Stored items from a collection
★ ★ ★ ★ ★ ★ ★
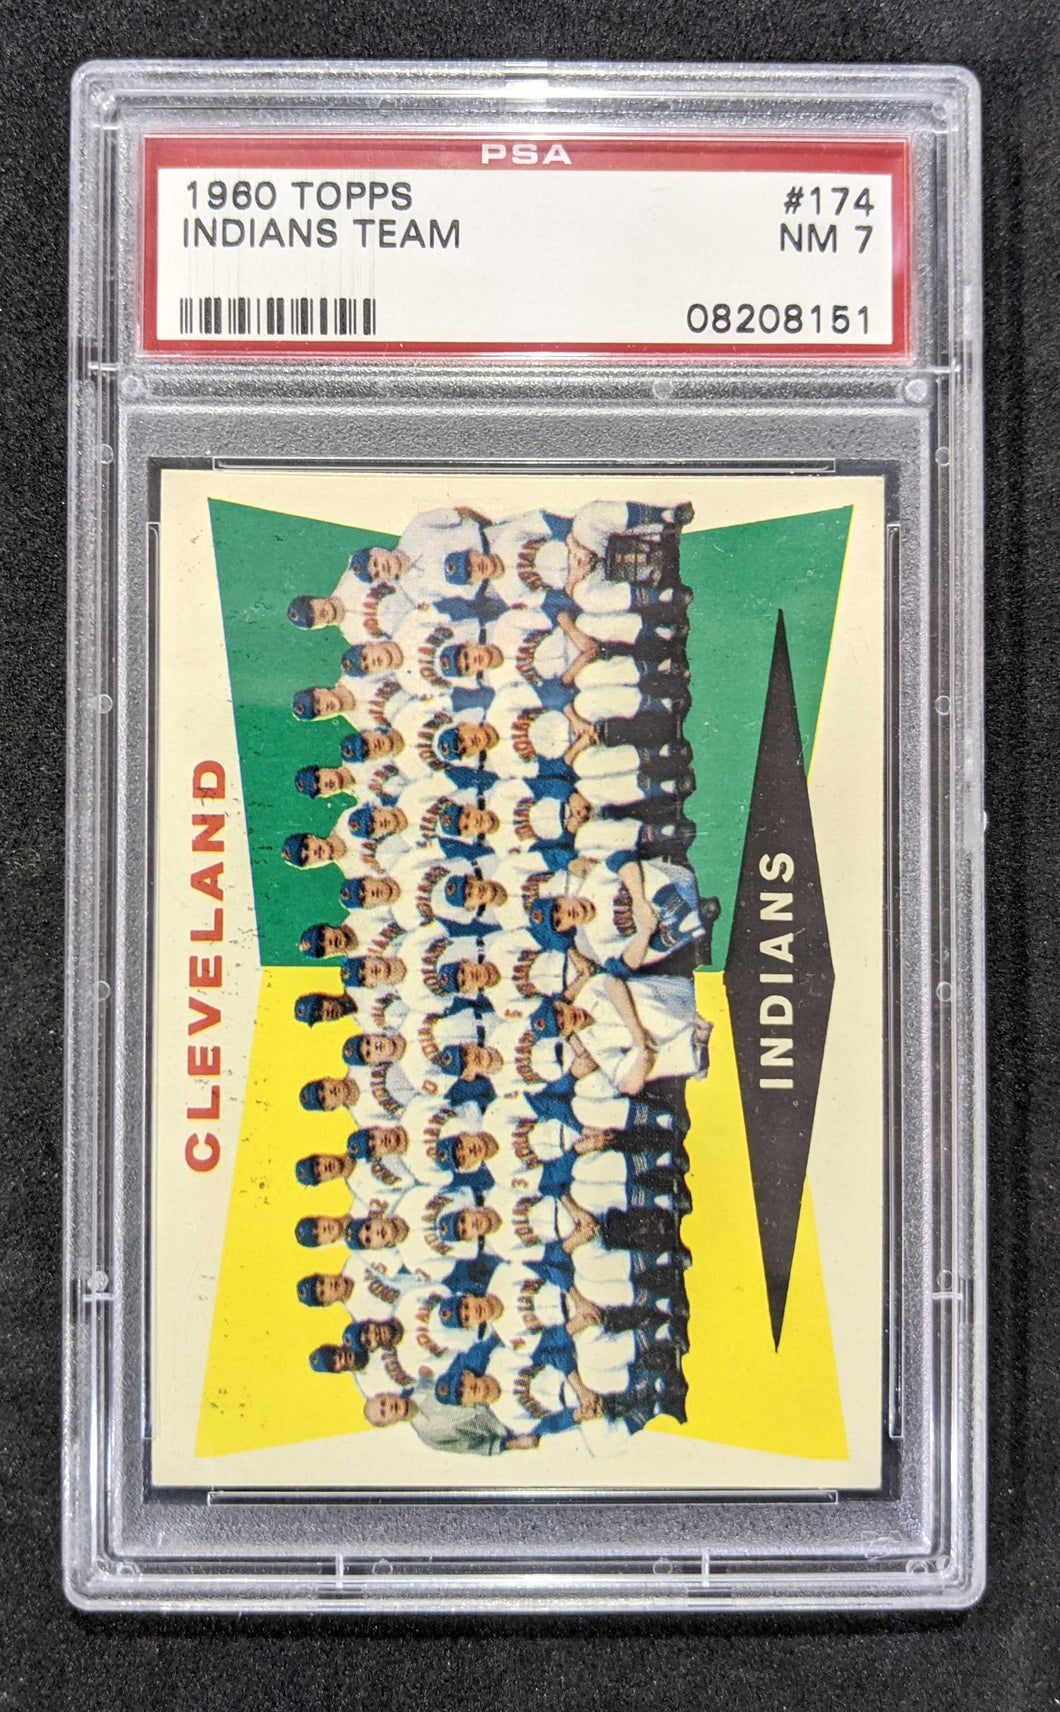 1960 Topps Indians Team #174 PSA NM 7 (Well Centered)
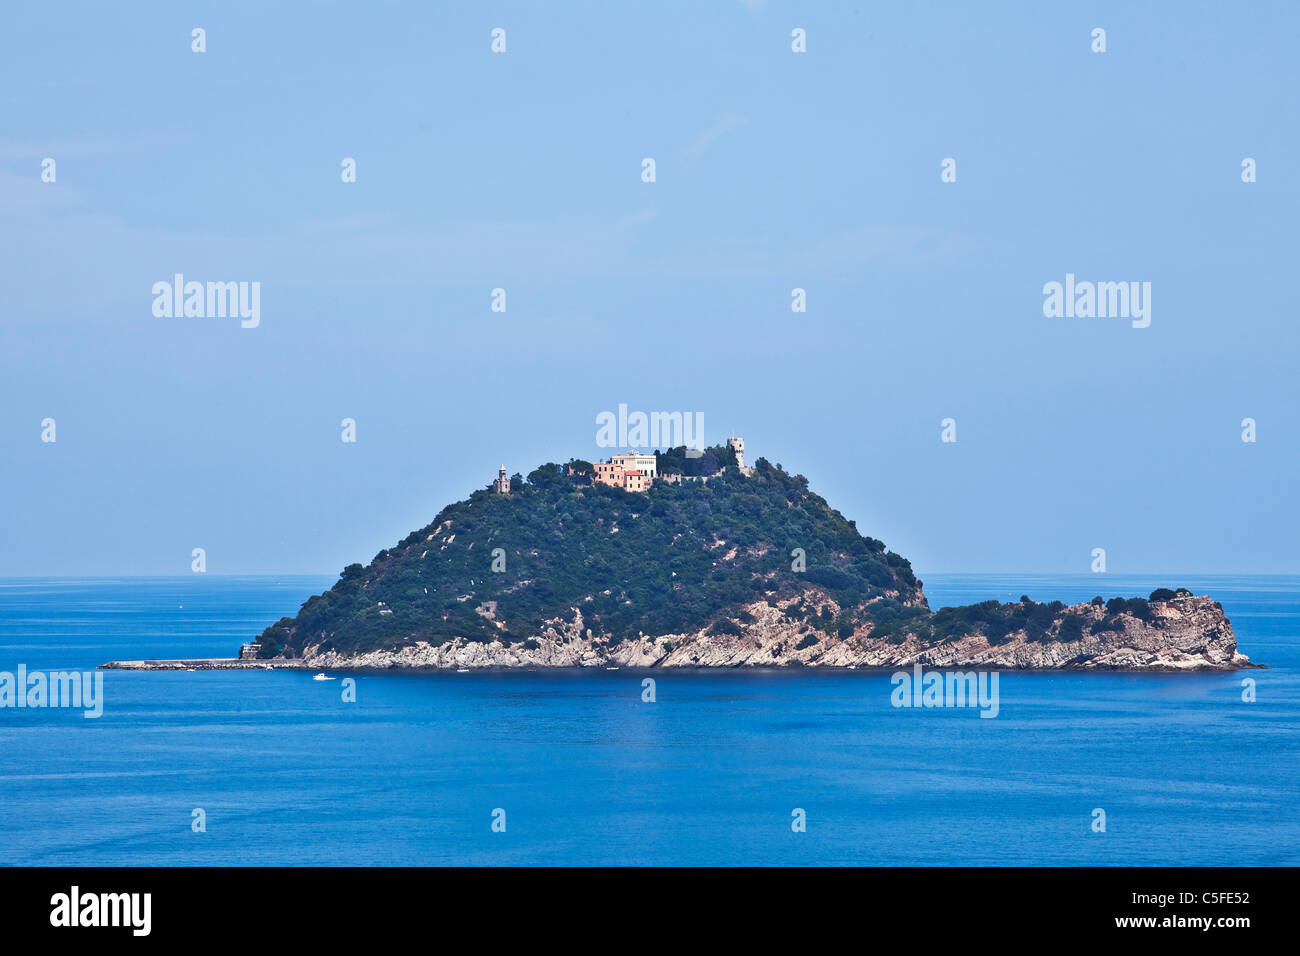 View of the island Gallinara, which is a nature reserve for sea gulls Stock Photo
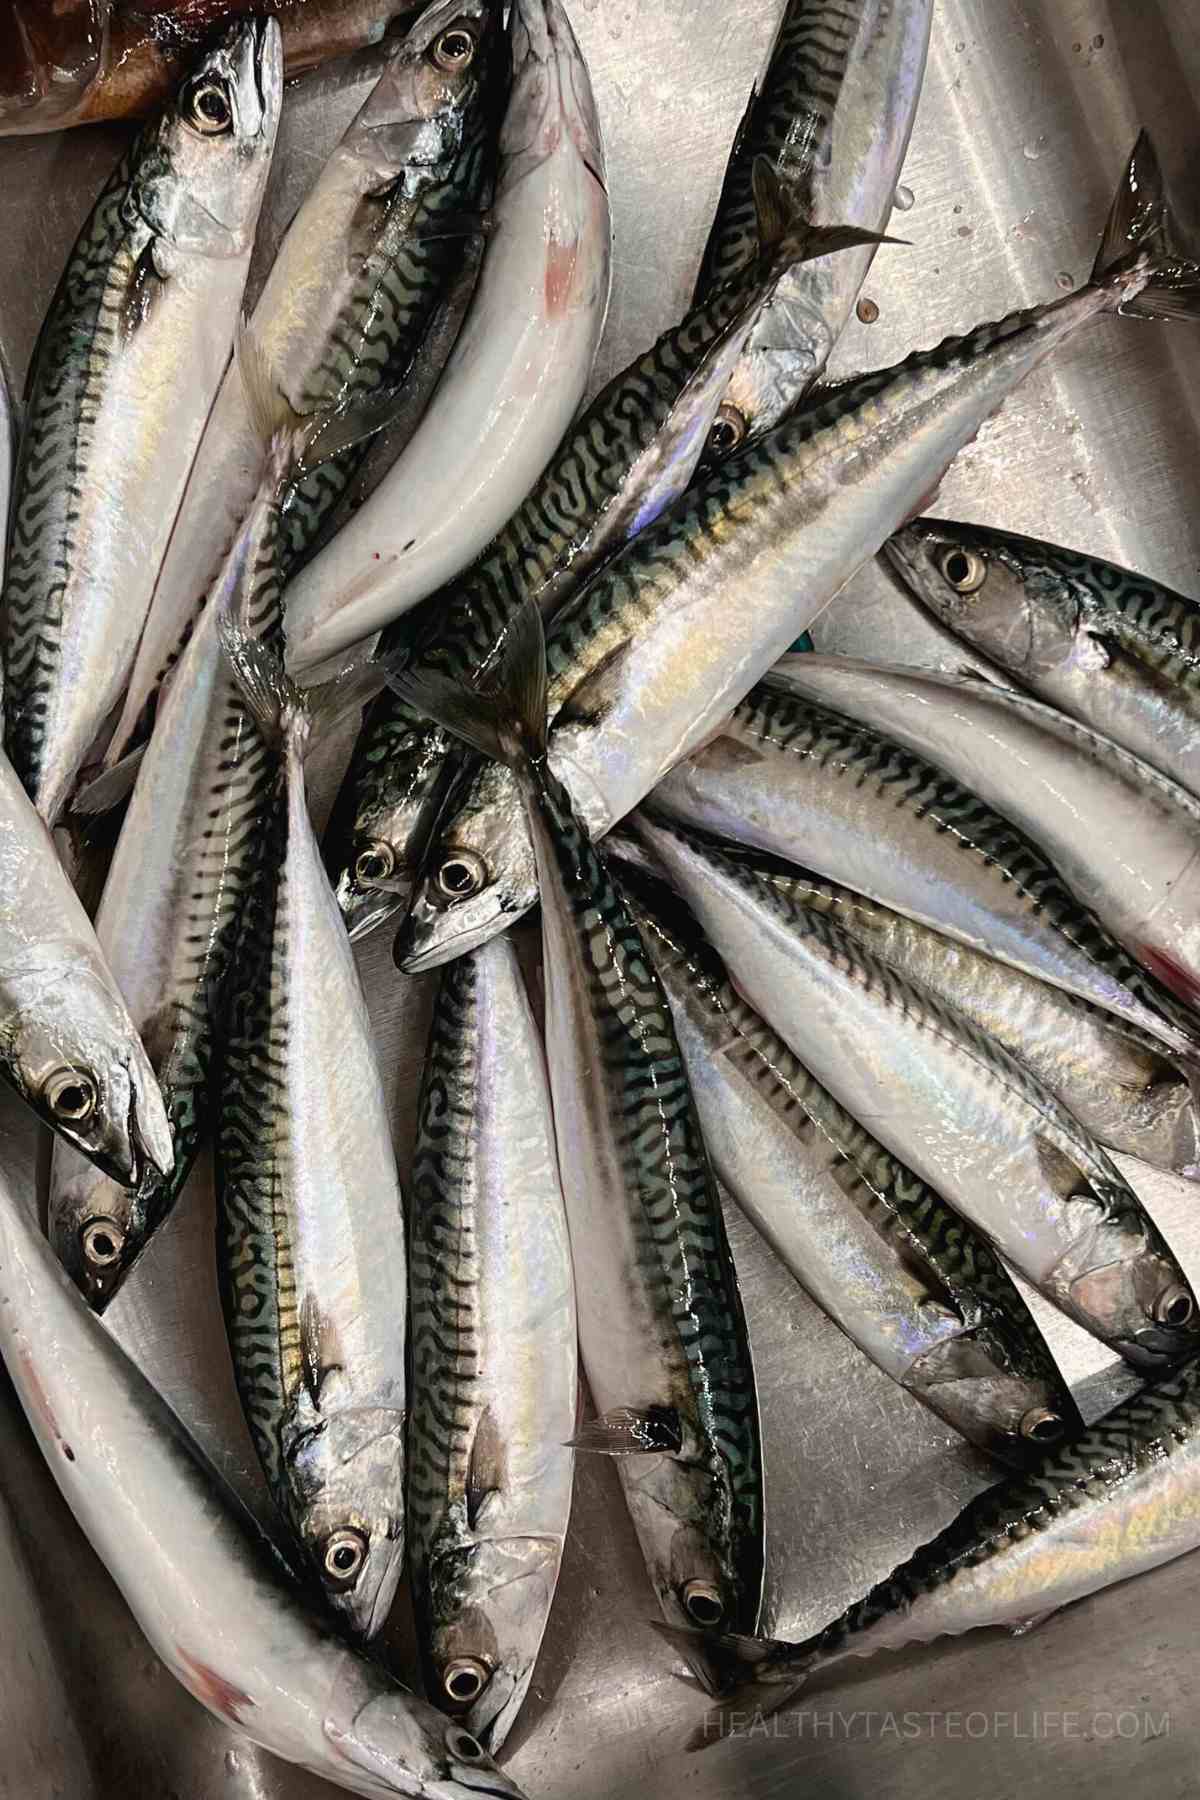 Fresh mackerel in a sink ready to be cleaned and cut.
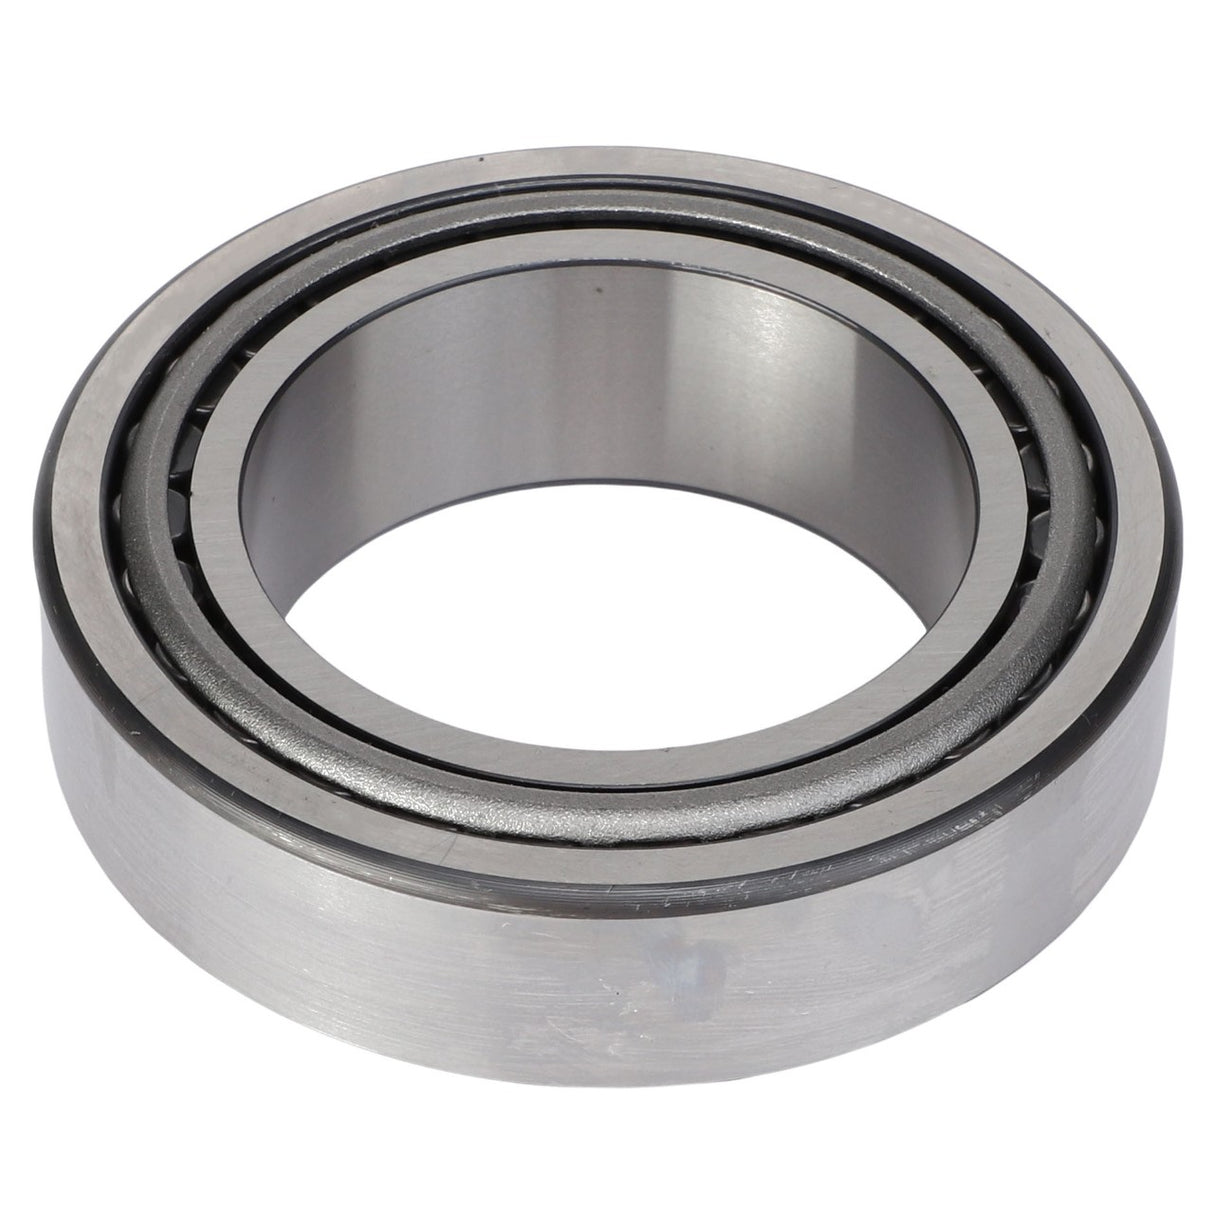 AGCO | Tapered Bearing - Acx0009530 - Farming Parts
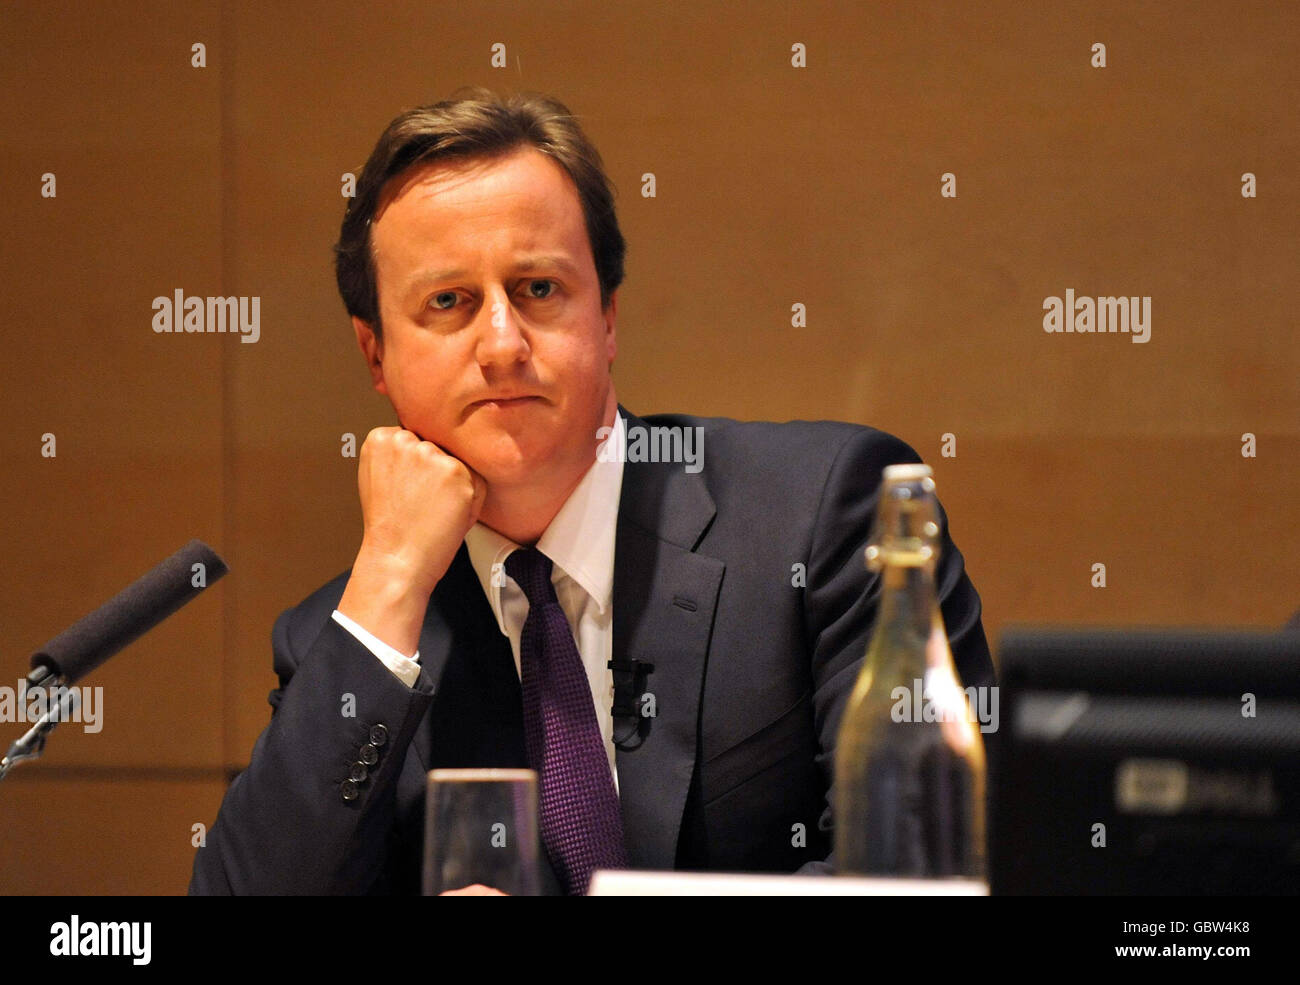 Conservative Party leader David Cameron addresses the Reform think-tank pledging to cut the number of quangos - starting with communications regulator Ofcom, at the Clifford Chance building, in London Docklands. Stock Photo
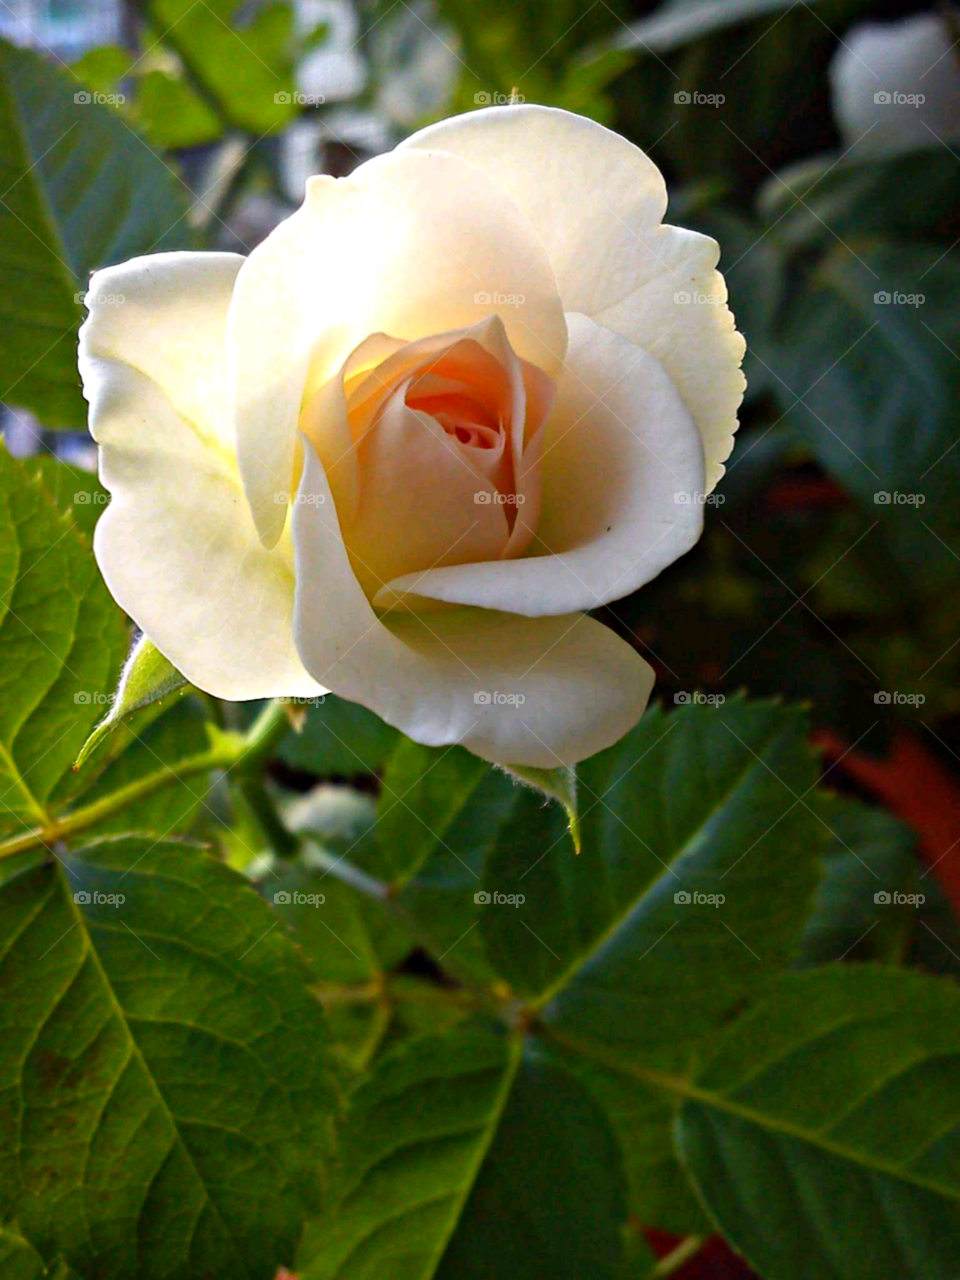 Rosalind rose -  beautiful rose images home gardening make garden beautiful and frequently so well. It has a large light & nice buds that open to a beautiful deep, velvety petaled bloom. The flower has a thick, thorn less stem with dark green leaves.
★ ★ ★ ★ ★ ★ ★
Write out word for word every line from the line with "Fresh mackerel in" through the final line of the records, both included, skipping the pictures.

 Fresh mackerel in a sink ready to be cleaned and cut.
 AGCO | Tapered Bearing - Acx0009530 - Farming Parts
 Conservative Party leader David Cameron addresses the Reform think-tank pledging to cut the number of quangos - starting with communications regulator Ofcom, at the Clifford Chance building, in London Docklands. Stock Photo
 Rosalind rose -  beautiful rose images home gardening make garden beautiful and frequently so well. It has a large light & nice buds that open to a beautiful deep, velvety petaled bloom. The flower has a thick, thorn less stem with dark green leaves.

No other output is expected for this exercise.